While the Taliban themselves began as a Pashtun tribal movement, and still holds great power in the Pashtun’s cultural heartland in Afghanistan’s south today, not all members of the ethnicity sympathize with the country's new rulers.
Many of them have served in the Afghan National Army, and the last two Afghan presidents were Pashtun themselves.
Some among the Pashtun believe the historic theories that suggest that the Pashtuns are decedents to the lost tribes of the Israelites, and even feel a connection to the Jewish state, Judaism and the theories about their Israelite origins.
Israeli anthropologist Prof. Avigdor Shachan suggests that the lost tribes of Israel settled in Afghanistan after the Assyrian conquest of the land of Israel in 856–732 BCE.
He points to clues in the names of some Afghan cities he claims may have come from the Hebrew language and culture, such as Kandahar, which he says is similar to the word "har," which is Hebrew for "mountain." Others point to similarities between Pashtun and Jewish names.
One such Afghan Pashtun who claims to feel a strong connection to Israel is H. a former official who asked to remain anonymous.
"I'm a prime target for the Taliban," he said. "If they'll know I'm in Kabul, they'll behead me."
H. worked with former Afghan president Ashraf Ghani but has not had any contact with him since the ousted leader fled the country.
"The Taliban killed and wounded dozens of people… they took down our national flag."
In 2019, H. contacted Israeli scholar Prof. Hillel Weiss, a self-proclaimed spokesperson for the Sanhedrin — assemblies of elders appointed to sit as a tribunal in the ancient Land of Israel. Weiss calls for the rebuilding of the Jewish Temple in Jerusalem and instating Jewish rule over Greater Israel. The two even met in India and exchanged thoughts about future cooperation.
"I wrote to officials such as Defense Minister Benny Gantz and to journalists about this," Weiss says. "We need to help them. This is their land, and they will return to their original place. They don’t even have to convert to Judaism. But they have to accept the Seven Laws of Noah," he says, referring to a traditional set of laws that allows non-Jews to live under Jewish rule without converting.
In a past interview, Weiss said that after his encounter with H., he received a call from an Afghan official who was interested to promote financial and cultural cooperation with Israel.
H. doesn’t dismiss the possibility of leaving his country for Israel. "If I had a visa, I would have moved to Israel," he says. "But not as an asylum seeker." He also said he would not convert to Judaism, although he does feel a strong connection to Israel and to the Jewish people.
"We both have the same blood.

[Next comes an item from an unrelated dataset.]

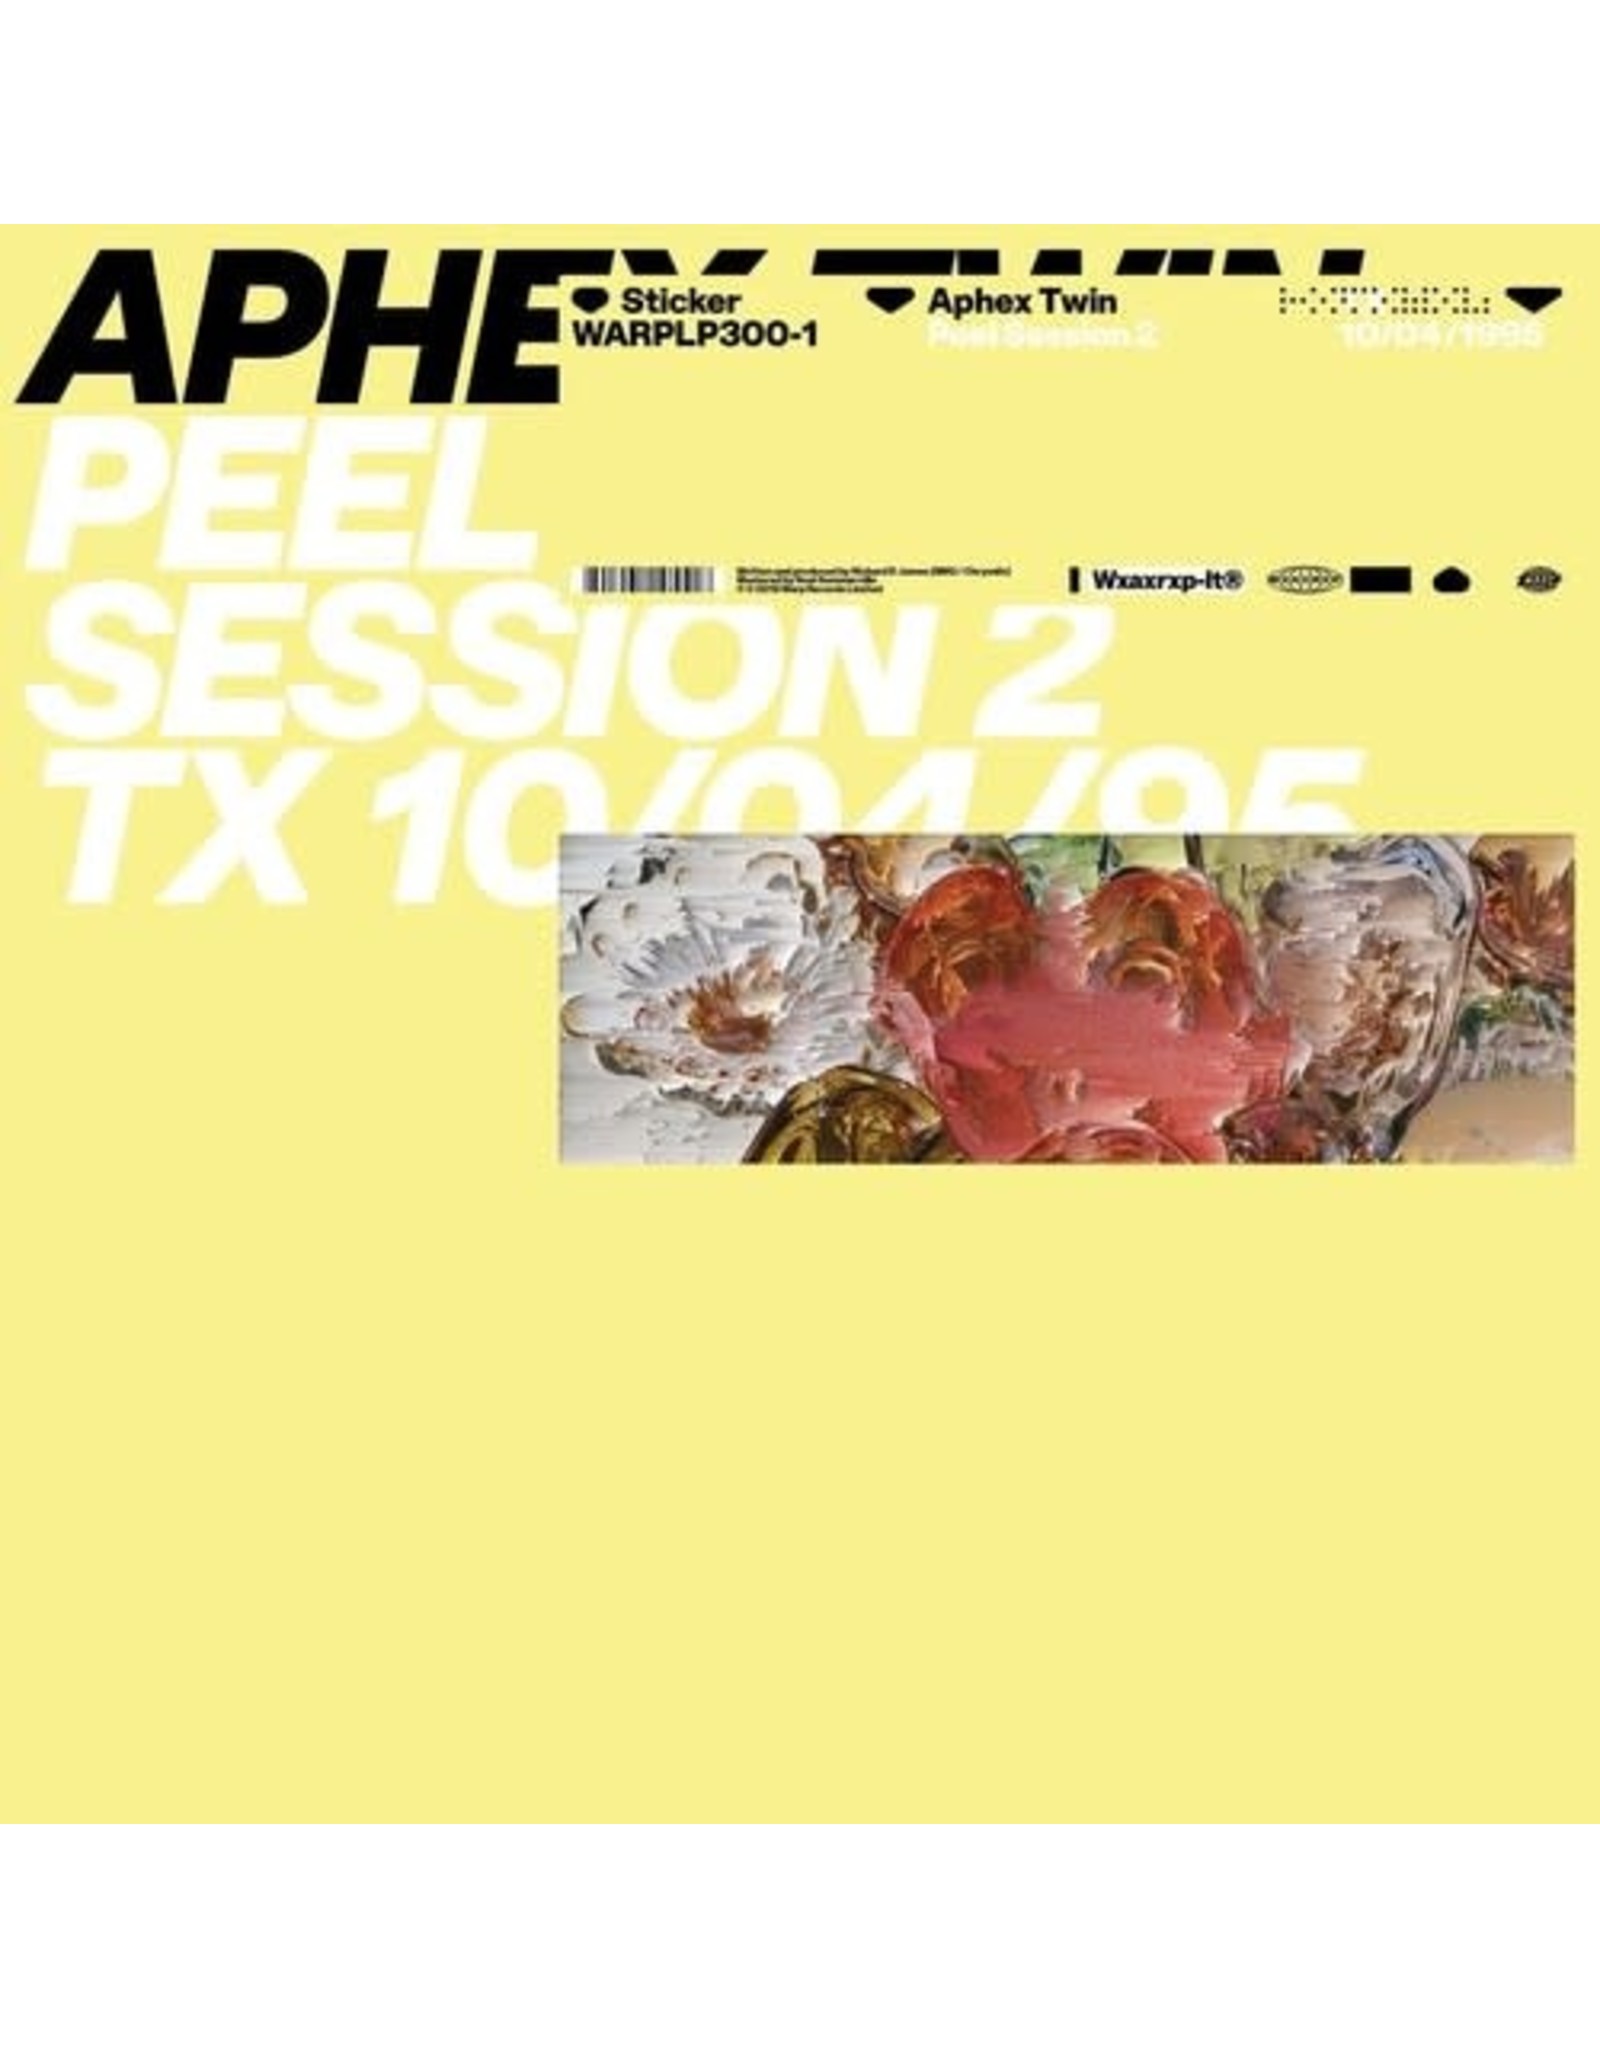 New Vinyl Aphex Twin - Peel Session 2 LP

We are Bnei Israel," he says, using a Hebrew term meaning "Sons of Israel" or "Israelites."
Another Pashtun Afghan who asked not to be identified is S., who now lives in Peshawar, Pakistan. Originally from Afghanistan, S. has lived in different cities around the world and worked in the shipping industry. His Facebook page features Jewish symbols.
"Israel is my country," he says. "I am persecuted here because of my Jewish faith. I would like to contact the Israeli authorities and start an immigration process."

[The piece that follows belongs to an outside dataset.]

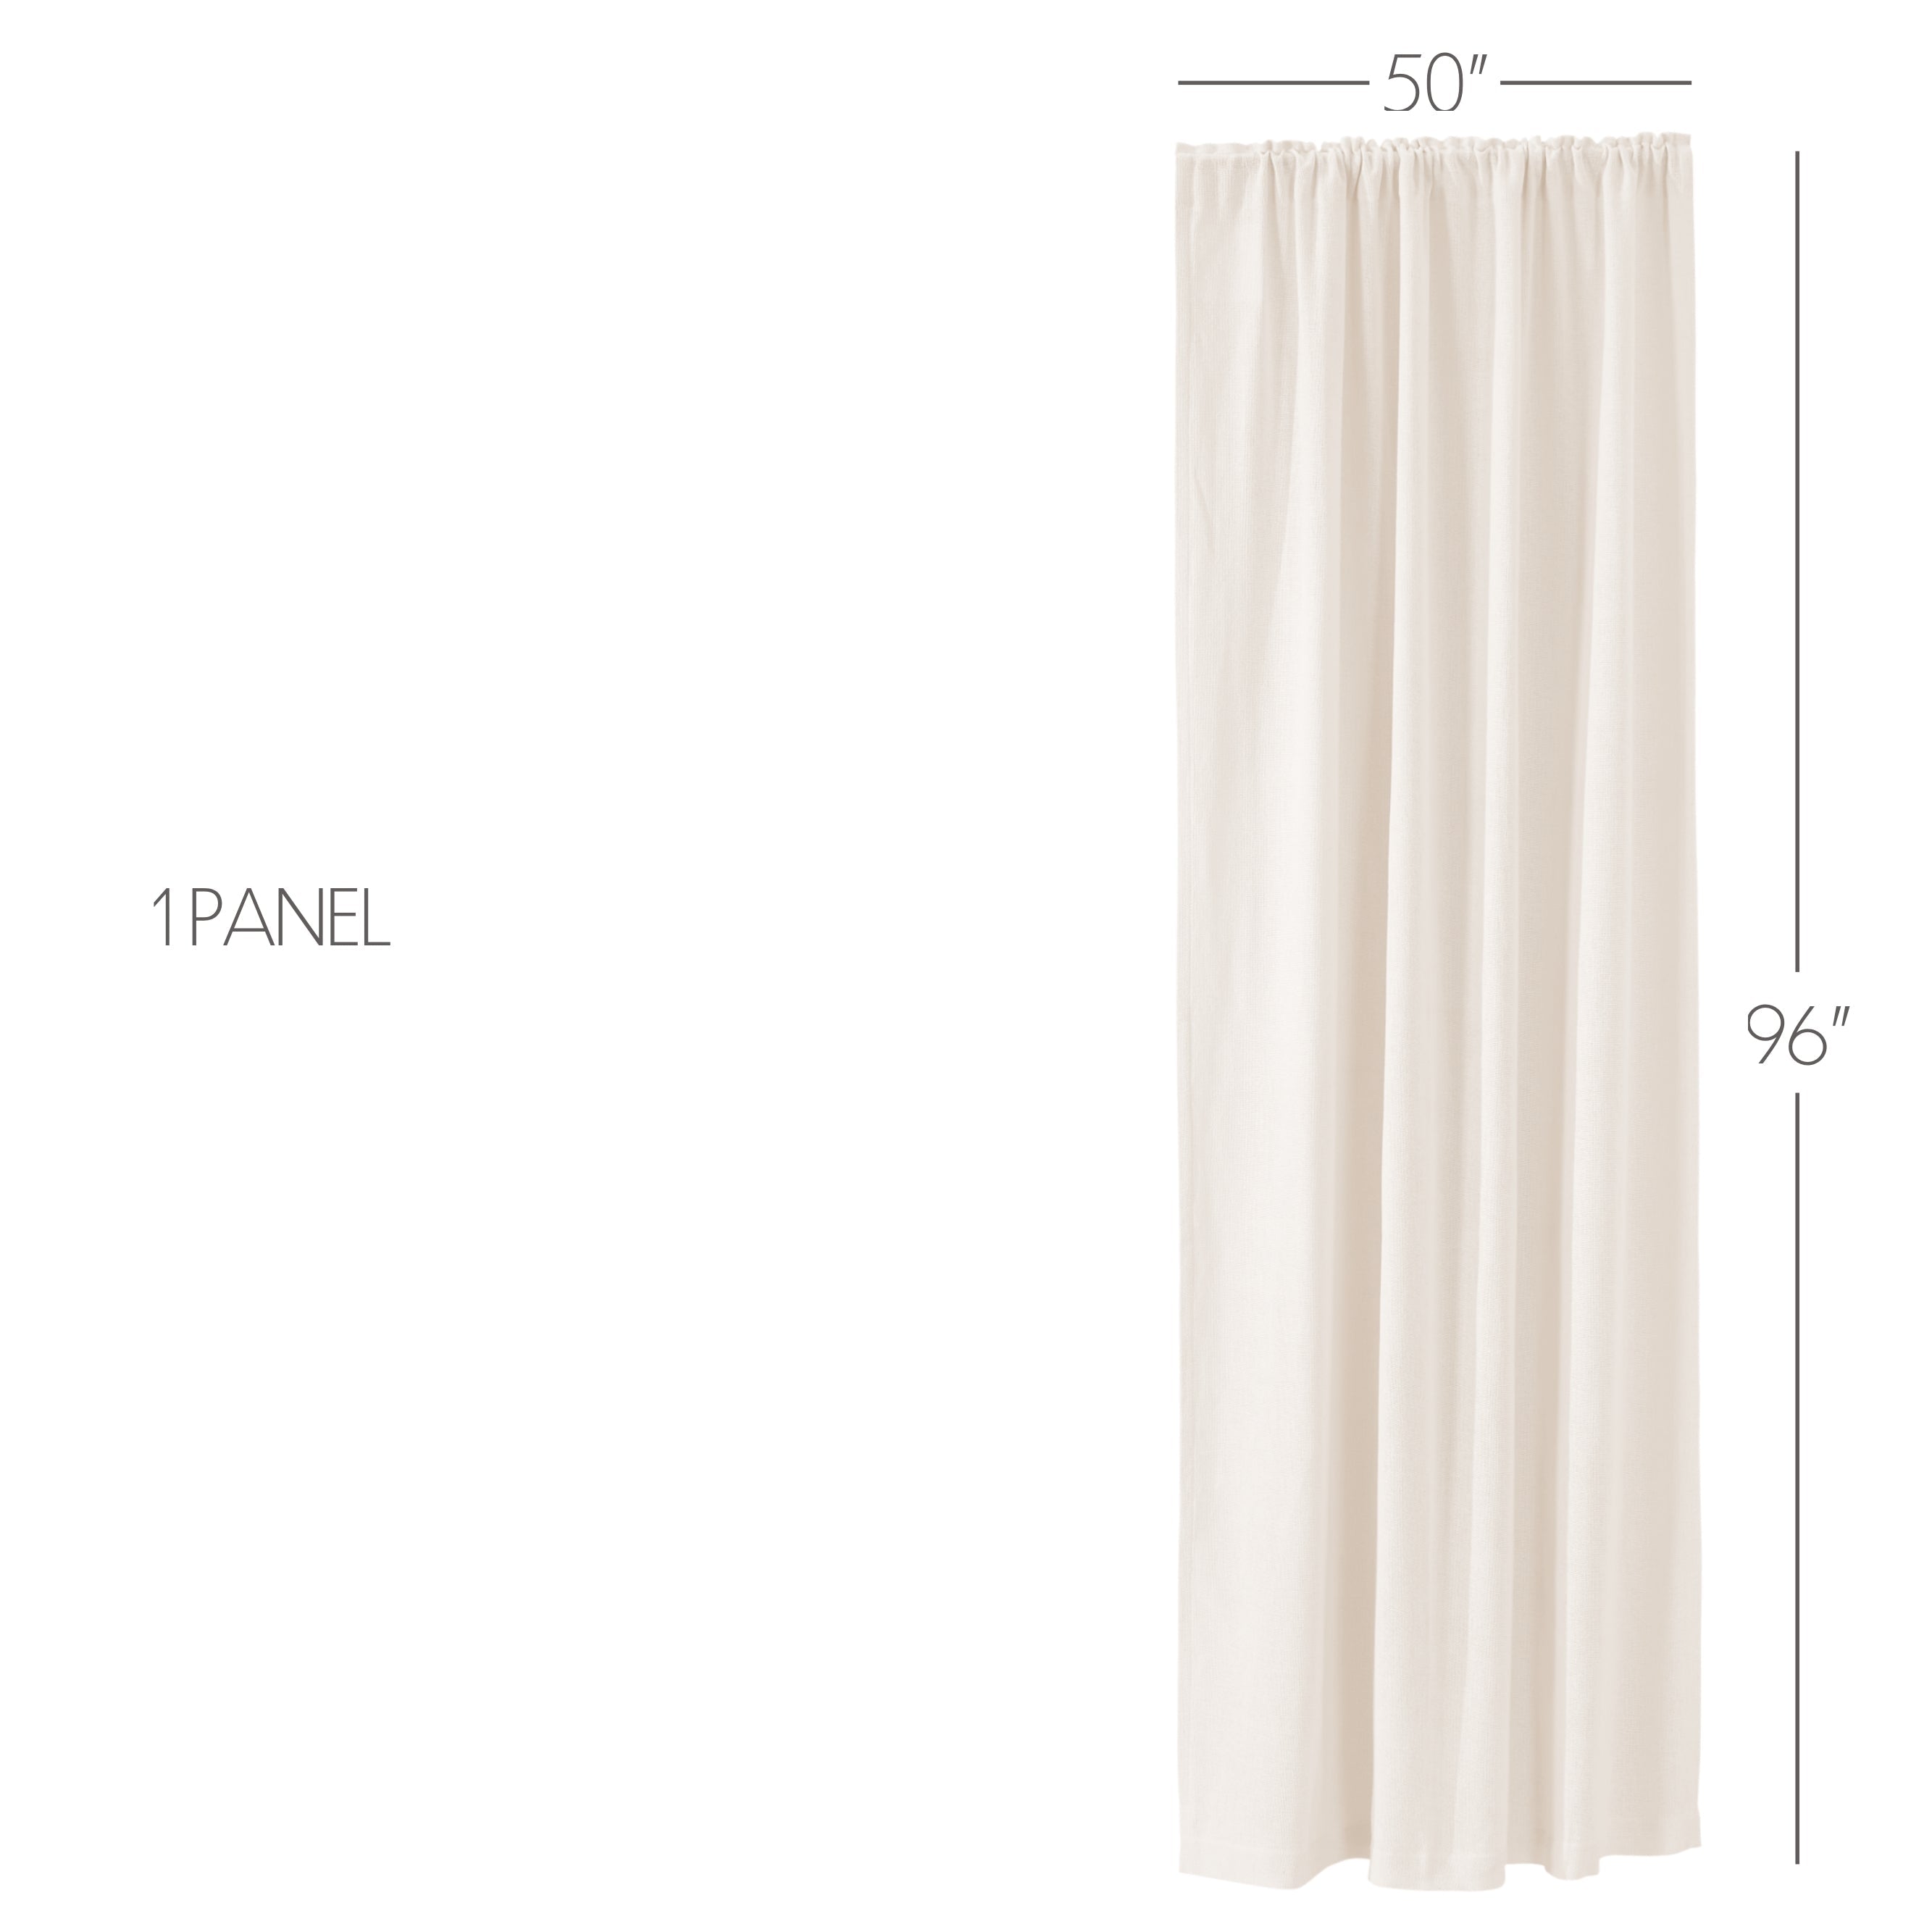 Burlap Antique White Panel Curtain 96"x50" VHC Brands

Since the Taliban takeover of Afghanistan, the possibility of allowing Afghan refugees into Israel made some headlines when a lawmaker from the left-wing Meretz party, Gabi Lasky, advocated for the government to offer sanctuary to people fleeing Taliban rule.
Lasky had not specifically referred to the Pashtuns and their possible historical roots and says she knew nothing about that. "I thought we should take in a few hundred asylum seekers," she says. "The Jewish people have suffered from persecutions and were refugees more than anyone else. So we can't turn a blind eye to their suffering."
Lasky's initiative is unlikely to bear fruit, considering Israel's strict immigration laws.
The future is unclear for the Pashtun people, especially for those who supported the previous regime.
"There is no way I'm staying in Afghanistan," H. says, adding that he is considering moving to Australia or Canada.
But this crisis may offer a turning point Afghan-Israeli ties — two nations that do not share borders but may have more in common than many think.